Sugar In A Sweet Spot: Is This Time Different?BloombergQuintOpinion
Sugar might be the investing “white gold”, proclaims one research report. Old-time watchers of this sector may yawn at this claim. Its history is replete with instances where the sector has just flattered to deceive. Sugar production is so intertwined with electoral interests that it is rather difficult, if not impossible, to have an element of predictability. This has been a deeply cyclical business on the operational front even without the impact of election cycles and political decisions aimed at vote banks.
That said, the last few months have brought in some changes on the horizon that are worth assessing. Do they help reduce the cyclical nature of the sector? Yes. Are the offshoot businesses higher-margin accretive and ones with better return ratios? Yes. Does the business have a moat around itself? Largely yes.
The puzzle that any investor will have to try and grapple with is whether the factors discussed in this article are strong enough to offset the legacy baggage, the risk of political intervention, and the cyclical nature of the business.
MSP: Alleviating Pain Of Large Price Movements
The minimum support price for sugar has curbed losses during periods of surplus. In the earlier sugar surplus cycle of 2015, domestic sugar prices corrected sharply – to a low of Rs 23 per kilogram from levels of over Rs 30 per kilogram. Presumably, in order to remove the vagaries of the pricing, which led to the mill owners being unable to pay the farmers' dues on time, from June 2018, the central government fixed an MSP for mills to sell sugar in the domestic markets, which acts as a benchmark. As a result, sugar prices in the current surplus scenario have remained stable at higher levels, with the support of MSP for the domestic market at Rs 31 per kg.

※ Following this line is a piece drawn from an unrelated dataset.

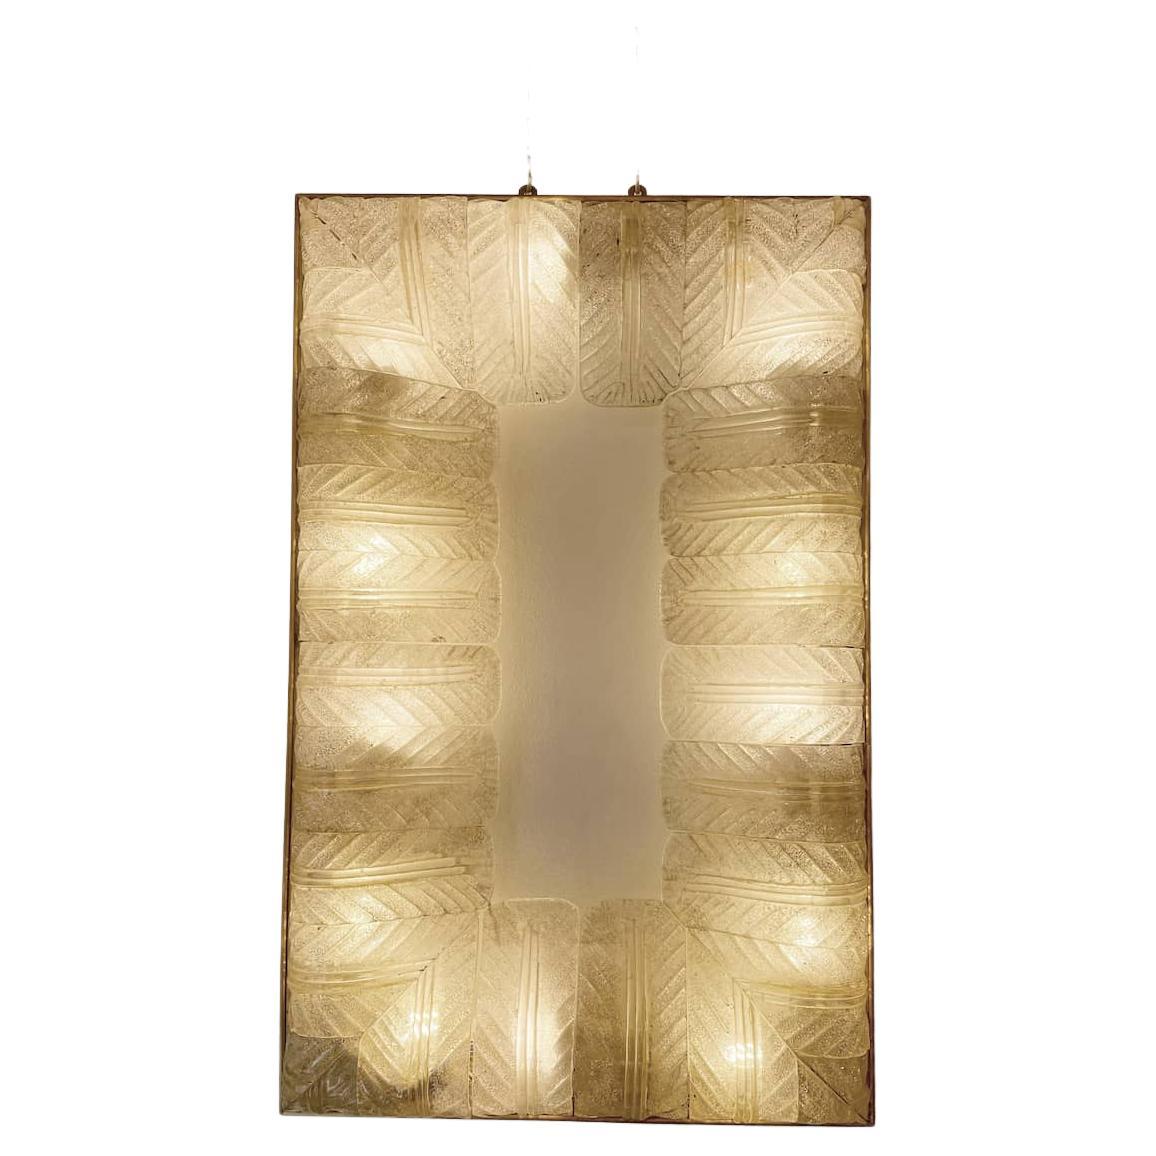 White glass wall sconce with golden spangles and brass border by Barovier & Toso, 1940s. The glass of the wall lamp has been worked in such a way as to create leaves that start from the outside on the outside and shrink towards the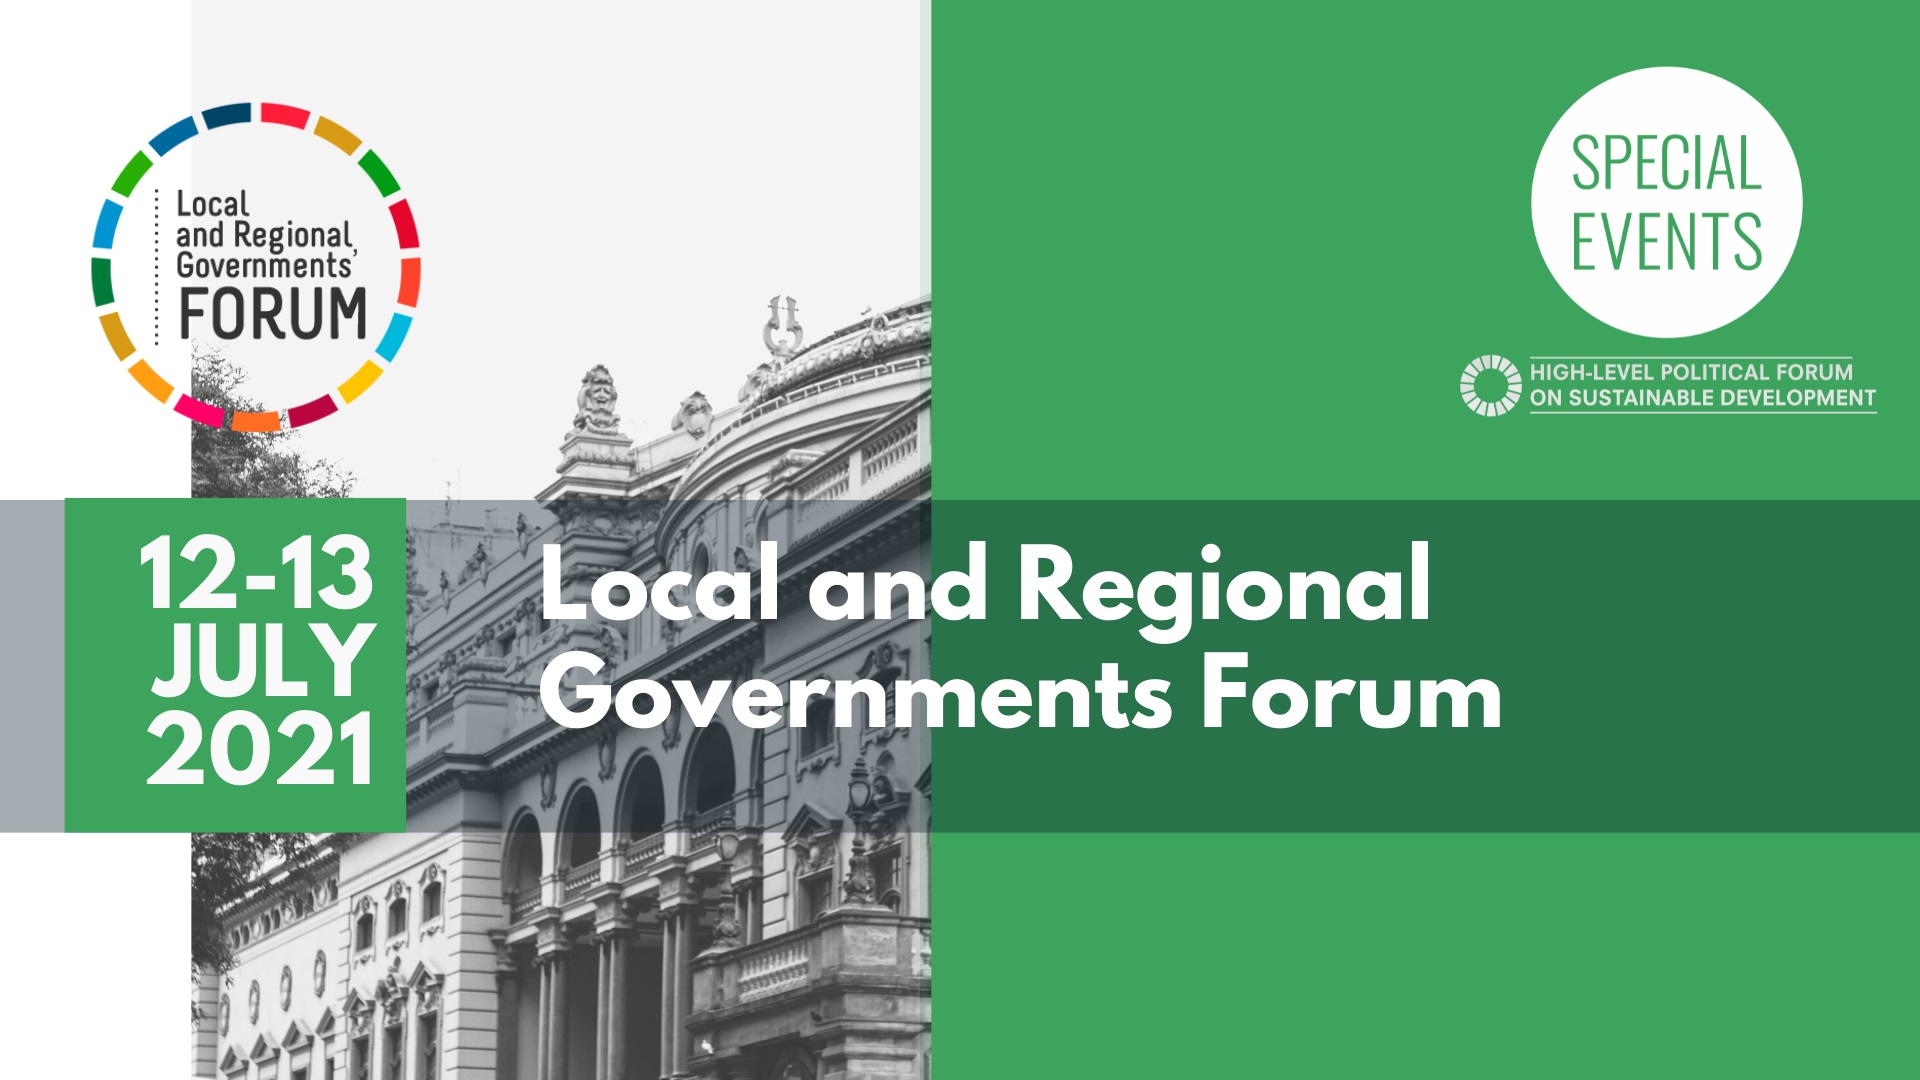 Local and Regional Governments Forum

Sugar mills are now able to realise significantly higher prices for sugar in the domestic market, despite India having high sugar inventories in the current season. Had there not have been an MSP in place, sugar millers would have been reeling with losses, as prices would have dropped considerably. This move singlehandedly helps a highly cyclical business offset the price pain to a large extent.
The key other and opposite variable in this is the price of the raw material. In the past, the setting of the state-administered price of sugarcane or SAP used to be the determining factor of profitability. The final product price was always volatile, and often, significantly below the cost of production because of a steadily increasing SAP. Now, not only does the MSP put a predictable floor on the final product price, some states have now adopted a practical approach to cane pricing as well, which is a very welcome move.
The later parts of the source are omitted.